Working with big.matrix Objects
Frédéric Bertrand
2025-10-05
Source:vignettes/big-matrix-workflows.Rmd
big-matrix-workflows.Rmd
Overview
bigalgebra
is designed to interoperate with the
bigmemory
ecosystem. This vignette demonstrates how to
create in-memory and file-backed big.matrix
objects,
interact with them via the package’s wrappers, and manage the underlying
resources safely.
Creating in-memory big.matrix
objects
In-memory matrices behave much like ordinary R matrices but reside in shared memory, allowing multiple R sessions to access the same data.
X <- big.matrix(3, 3, type = "double", init = 0)

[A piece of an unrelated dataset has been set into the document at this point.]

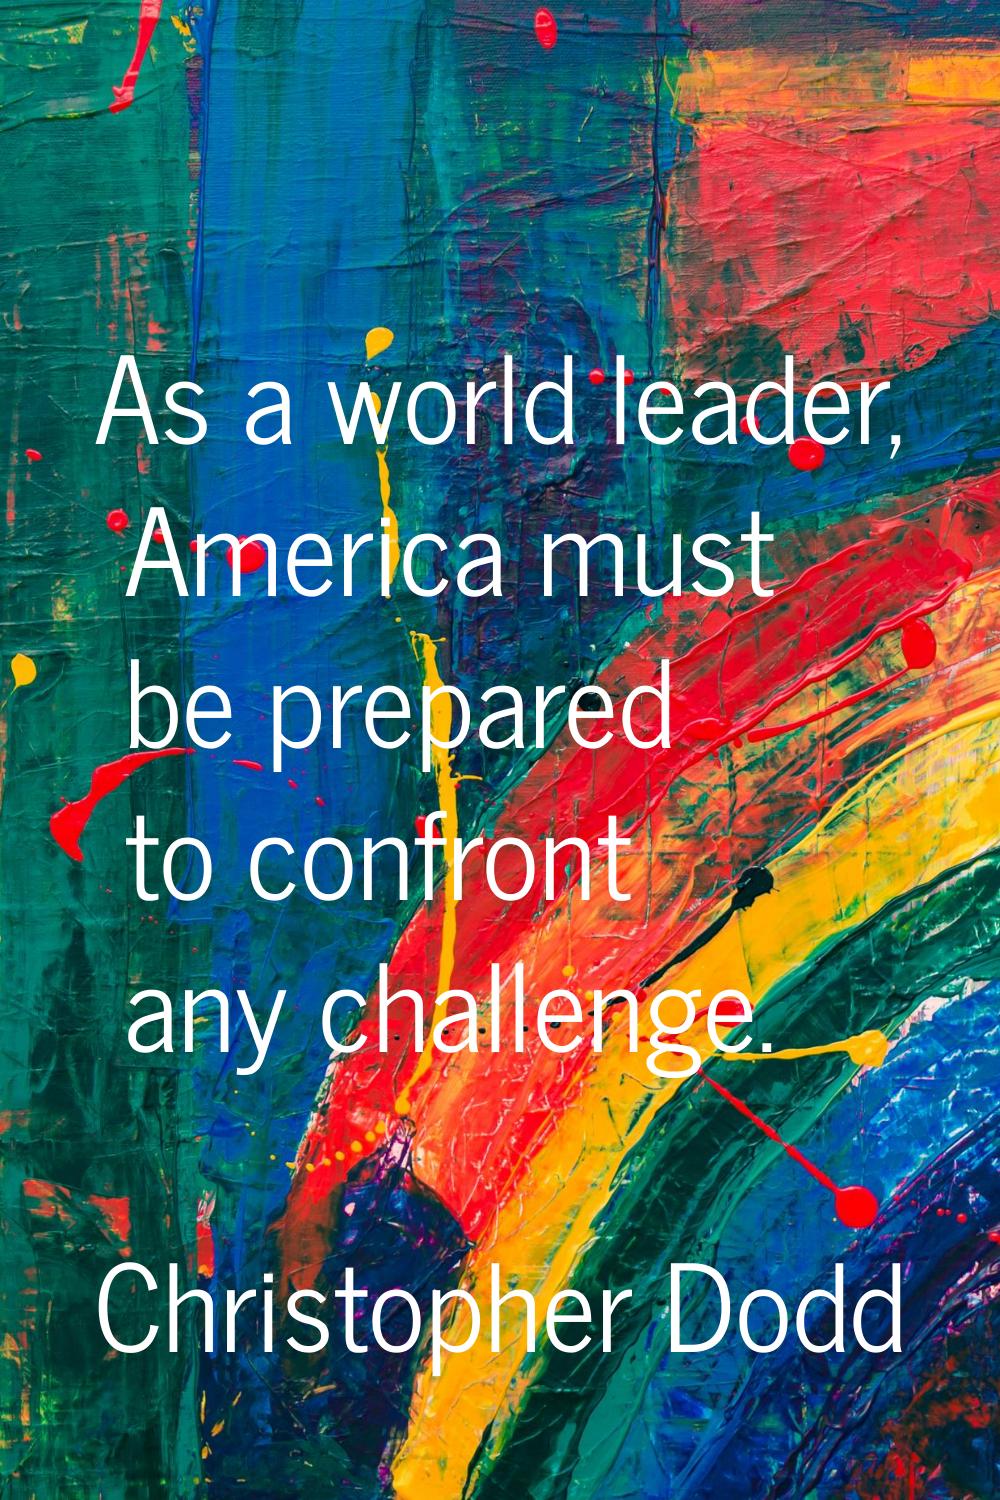 As a world leader, America must be prepared to confront any challenge.

X[,] <- matrix(1:9, nrow = 3)
X[]
#> [,1] [,2] [,3]
#> [1,] 1 4 7
#> [2,] 2 5 8
#> [3,] 3 6 9
Once created, the objects can be passed directly to Level 1 helpers:
dvcal(ALPHA = 2, X = X, BETA = -1, Y = X)
X[]
#> [,1] [,2] [,3]
#> [1,] 1 4 7
#> [2,] 2 5 8
#> [3,] 3 6 9
Working with file-backed matrices
File-backed matrices persist their contents on disk, making them suitable for data sets that exceed available RAM.
dir.create(tmp_fb <- tempfile())
Y <- filebacked.big.matrix(4, 2, type = "double",
backingpath = tmp_fb,
backingfile = "fb.bin",
descriptorfile = "fb.desc",
init = 0)
Y[,] <- matrix(runif(8), nrow = 4)
Y[]
#> [,1] [,2]
#> [1,] 0.08075014 0.007399441
#> [2,] 0.83433304 0.466393497
#> [3,] 0.60076089 0.497777389
#> [4,] 0.15720844 0.289767245
These objects participate in higher-level operations without being loaded into memory.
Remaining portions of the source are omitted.